Grafmonument van grootmeester Nicola Cottoner in de kapel van Aragón van de Sint-Janscokathedraal in Valletta, Malta 1855 - 1875
Dimensions height 87 mm, width 175 mm
Curator: Looking at this stereo photograph from between 1855 and 1875, we see the gravestone monument of Grandmaster Nicola Cottoner within the Chapel of Aragon of the Saint John's Co-Cathedral in Valletta, Malta. What’s your immediate reaction? Editor: It's a dizzying amount of ornamentation. The high-contrast in this gelatin silver print definitely emphasizes the three-dimensional extravagance of the baroque style memorial and surrounding chamber. It’s opulent to the extreme, wouldn’t you say? Curator: Indeed, every inch seems designed to overwhelm. It adheres perfectly to Baroque sensibilities: dynamic compositions, deliberate contrasts, and the suggestion of constant movement within its many shapes and figures. Editor: And those shapes and figures--we must consider the material means of their creation! Someone dedicated an enormous amount of skilled labor into sculpting the Carrara marble which comprised its various figural, cartographic, and vegetal elements.

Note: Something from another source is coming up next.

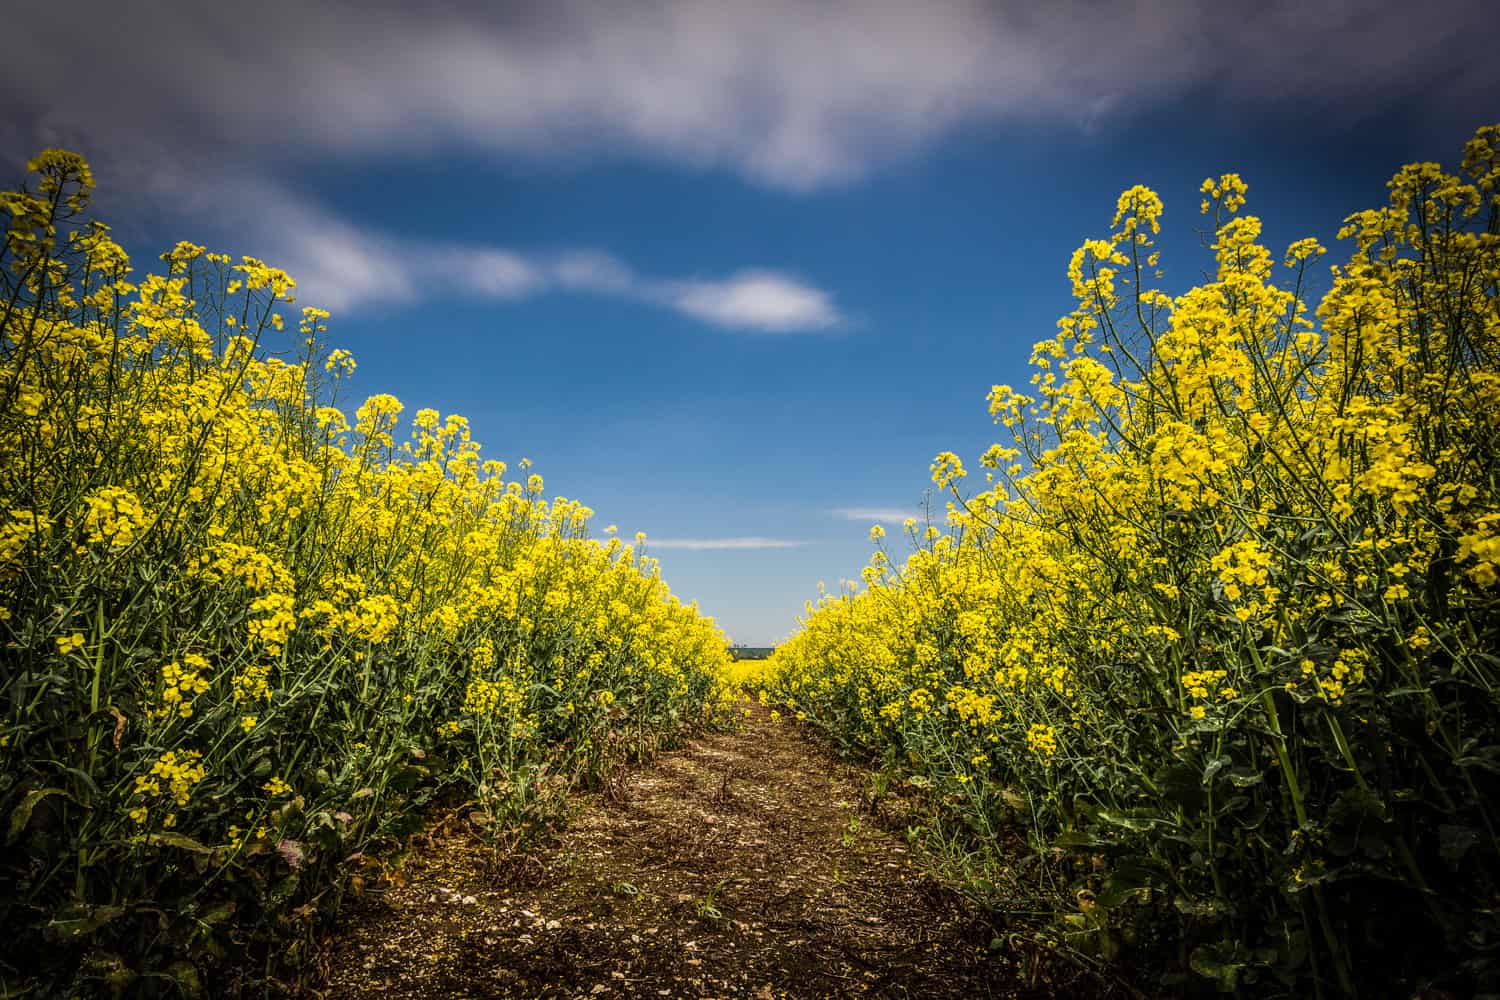  Hampshire Photography - Re-edit of the yellow field 
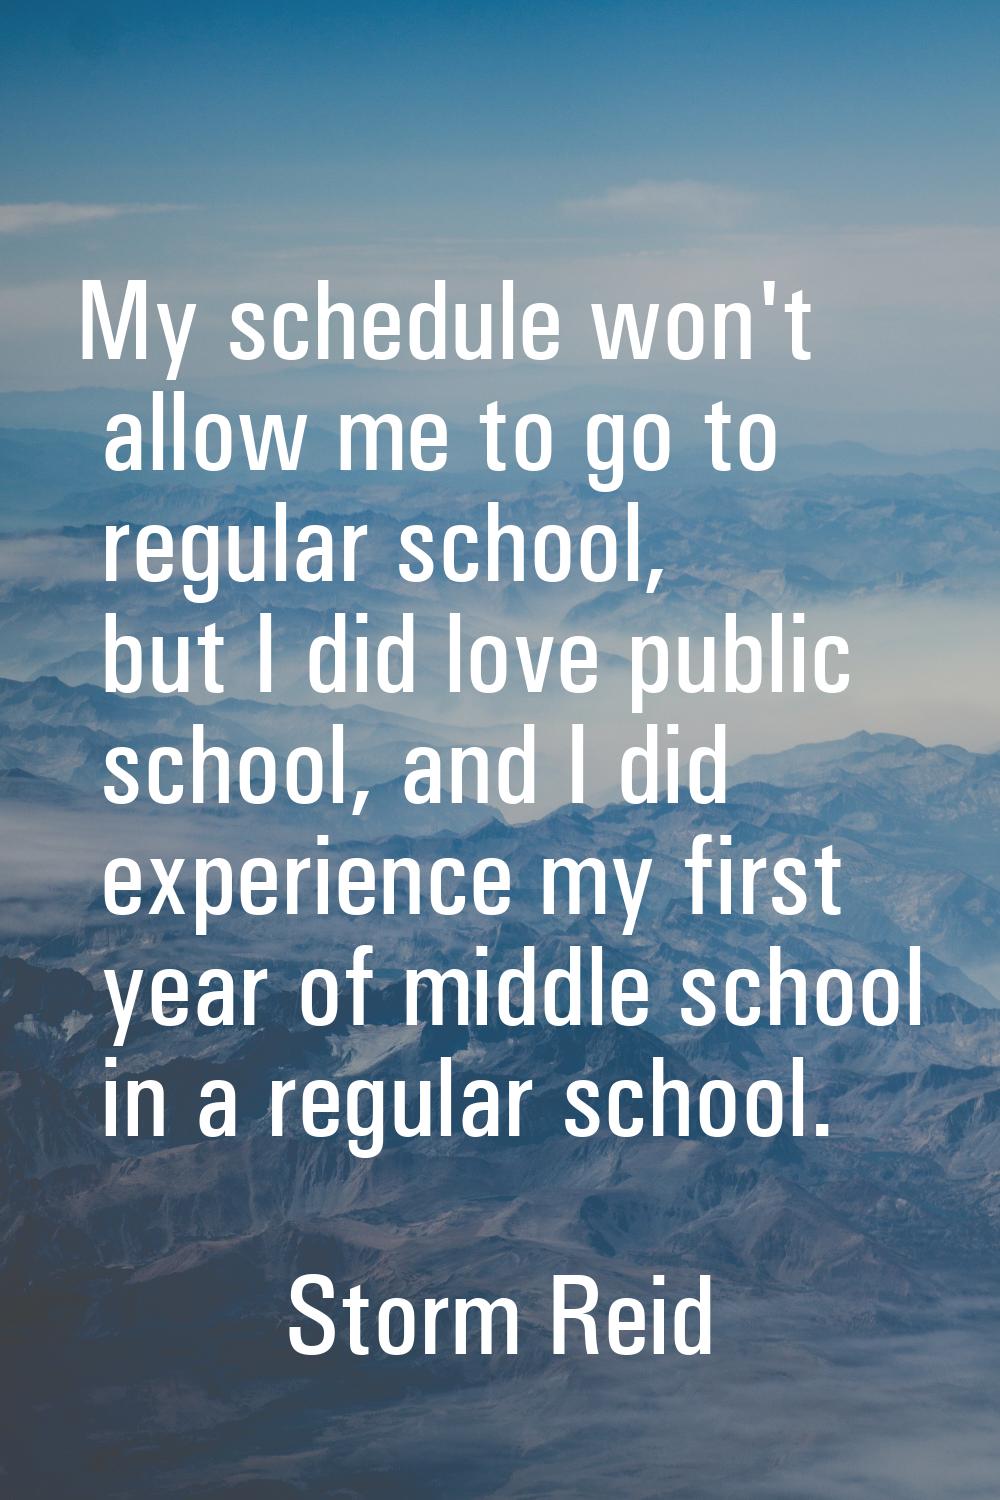 My schedule won't allow me to go to regular school, but I did love public school, and I did experie

Can we truly appreciate this photograph without first acknowledging all of the resources consumed during the original memorial's execution? Curator: Of course, the act of creating art always involves work. In this photograph, though, it’s important to look at how forms coalesce, how light interacts with sculpted forms to express the subject. Note the use of dramatic diagonals within the broader, rectangular form and how that impacts its symbolic function as a work made to express power. Editor: Power made physical! I see labor manifest in those straining allegorical figures--they hold up a monument to power and excess that was carved from rock wrenched from the Earth! I’d further like to stress the impact of the economic factors tied to these pieces. Curator: Certainly a monument like this speaks to societal structures, but what about that composition draws your eye, first? Do the angels direct your gaze upward? Is it the presence of the grandmaster's effigy? The arrangement does compel our eye to wander... Editor: So many different layers--one wonders how a photo from that era was capable of catching all these details. This stereo card is as fascinating as the artwork it pictures; looking at this has been quite edifying! Curator: Agreed. There's something so compelling in examining that spatial representation, and thinking through the monumentality inherent within the architecture itself.